Optical communication networks have increasingly been seen as the solution to many bandwidth problems that occur fairly frequently on other networks. Optical communication networks use optical fibers, which are typically less susceptible to external noise than other media and are typically cheaper to make than copper wire. Furthermore, optical fibers provide greater bandwidth than copper wires, which results in higher data rates. Typically, data streams that are transferred through a communications system can be divided from each other according to several different protocols. In optics, the data streams are often separated by wavelength. Protocols that separate data based on wavelength are generally referred to as wavelength division multiplexing (WDM) protocols.
WDM in fiber optics is typically either dense wavelength division multiplexing (DWDM), or coarse wavelength division multiplexing (CWDM). CWDM has only recently been standardized by the International Telecommunications Union Standards Committee (ITU-T) as the G.694.2 CWDM channel grid. The deployment capability of CWDM systems is enhanced by the introduction of zero water-peak fibers (ZWPFs) (ITU-T G.652.C) such as the AllWave® fiber, a zero water peak fiber available from OFS Fitel of Norcross, Ga. ZWPFs remove most of the hydroxyl (OH) ions that remain in manufactured optical fiber. Hydroxyl ions are removed because of the fact that these hydroxyl ions resonate in several different modes. More particularly, the resonation of the hydroxyl ions causes an attenuation peak at about 1400 nm in the optical spectrum. Consequently, ZWPFs offer up to 33% more CWDM capacity than standard single mode fiber (SSMF).
CWDM systems operate as passive systems, with wide divisions between the wavelength channels used to transmit data. Thus, CWDM typically uses the entire available optical spectrum to transmit 16 channels of network traffic. These wavelengths range from about 1310 nm to about 1610 nm, with channels spaced 20 nm from each other. This wide channel spacing allows for less precision with respect to the lasers used for transmitting signals and less precision in the filtering devices used to filter adjacent channels.

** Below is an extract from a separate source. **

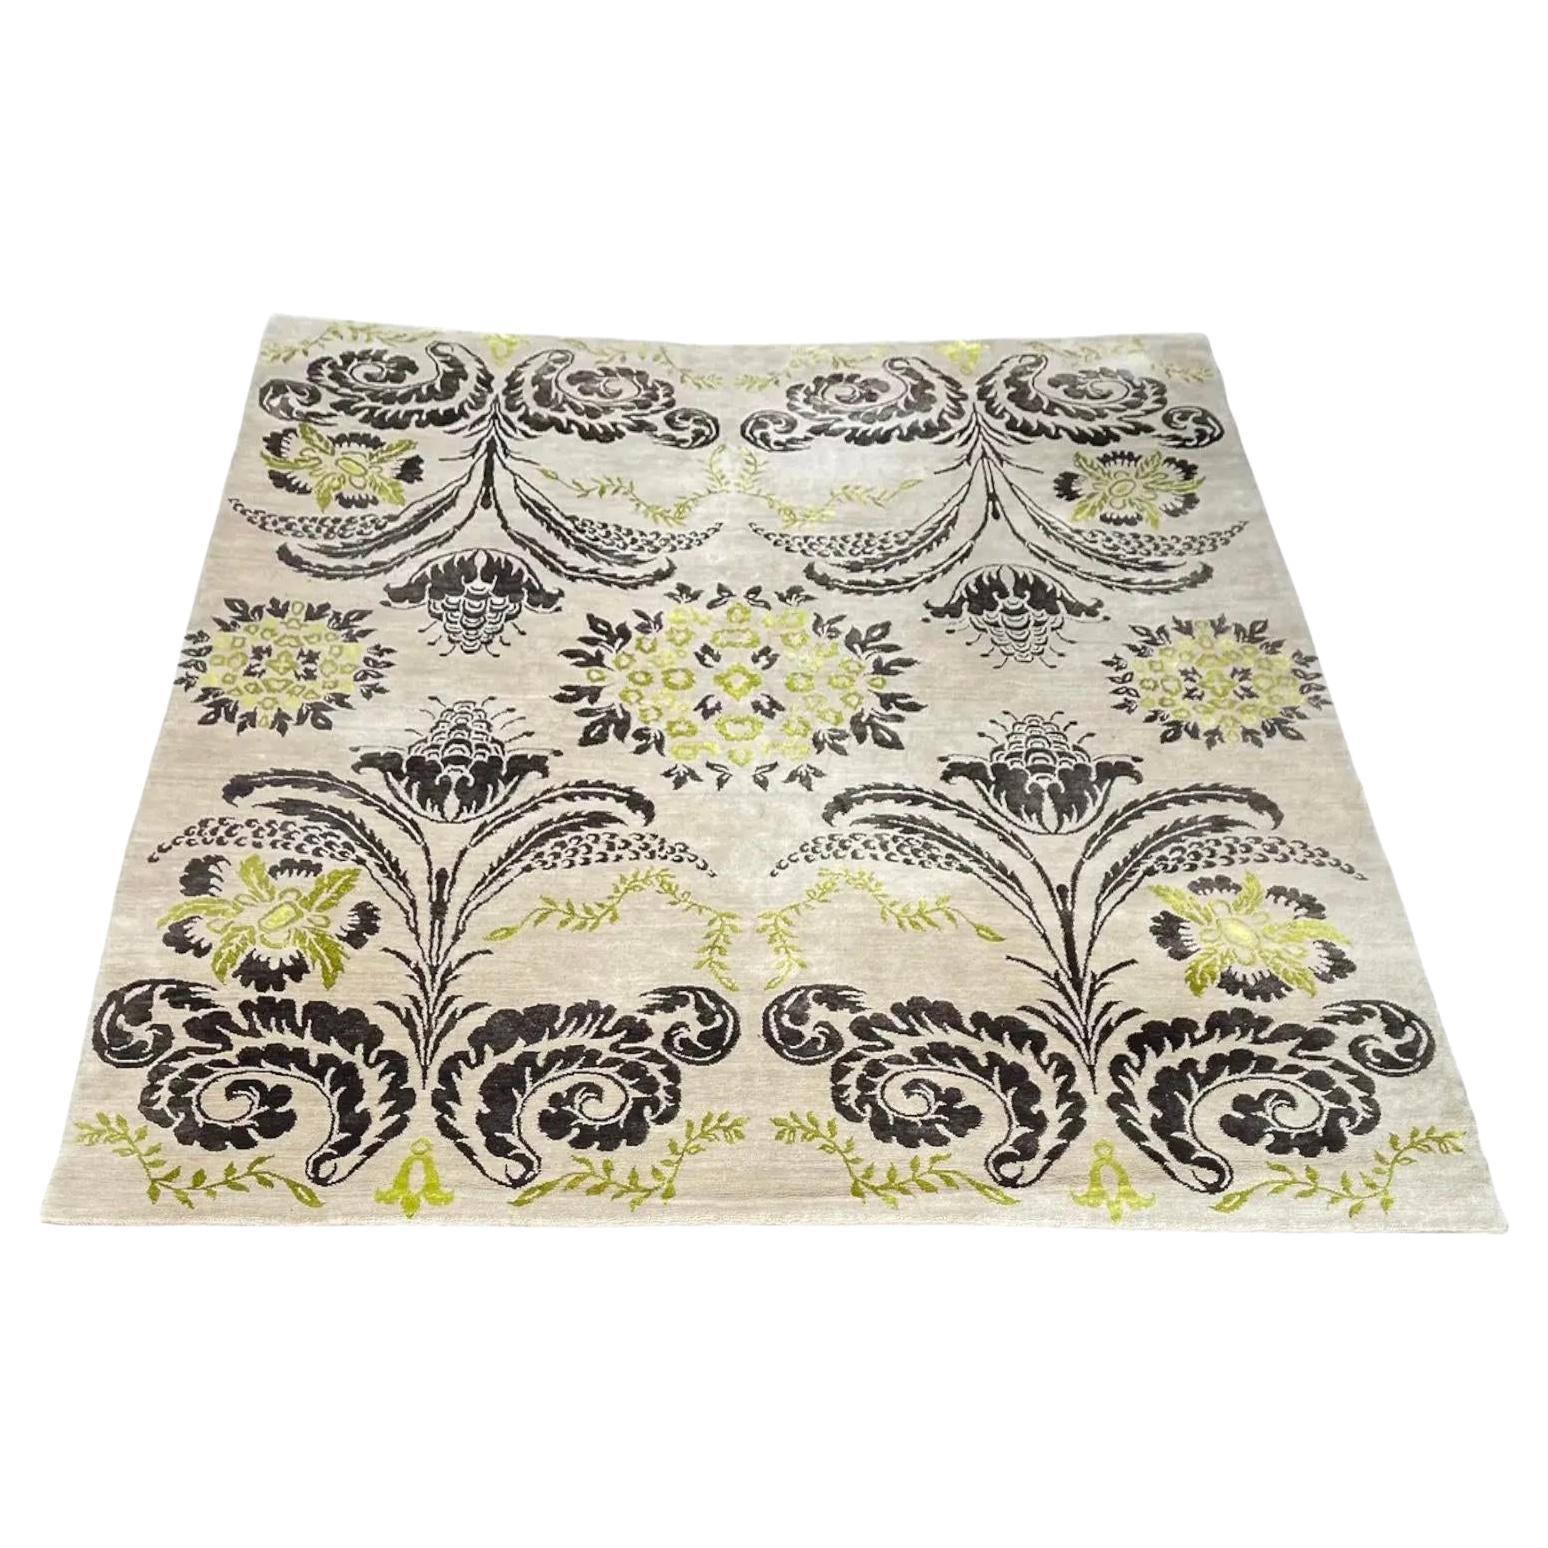 8' by 10' Modern Chartreuse & Beige Carpet by the Rug Company

In contrast, DWDM systems are active systems, typically transmitting on a variable number of channels with 1.6 nm, 0.8 nm or 0.4 nm spacing, depending upon the implementation. The narrow channel spacing requires very precise filters with high selectivity. Such highly selective filters increase the expense of the system. Moreover, the narrow channel spacing requires high precision, cooled lasers which exhibit low wavelength drift and dispersion characteristics, thereby also increasing the expense of the system. However, because of the active nature of the system, a signal may be transmitted farther along the fiber, thereby increasing the circumference of networks having a hubbed-ring configuration.
It would be desirable to increase the coverage area of CWDM systems to compete with DWDM systems, particularly in cost sensitive environments. Consequently, a need exists for a system and method that address these and/or other shortcomings of existing CWDM systems.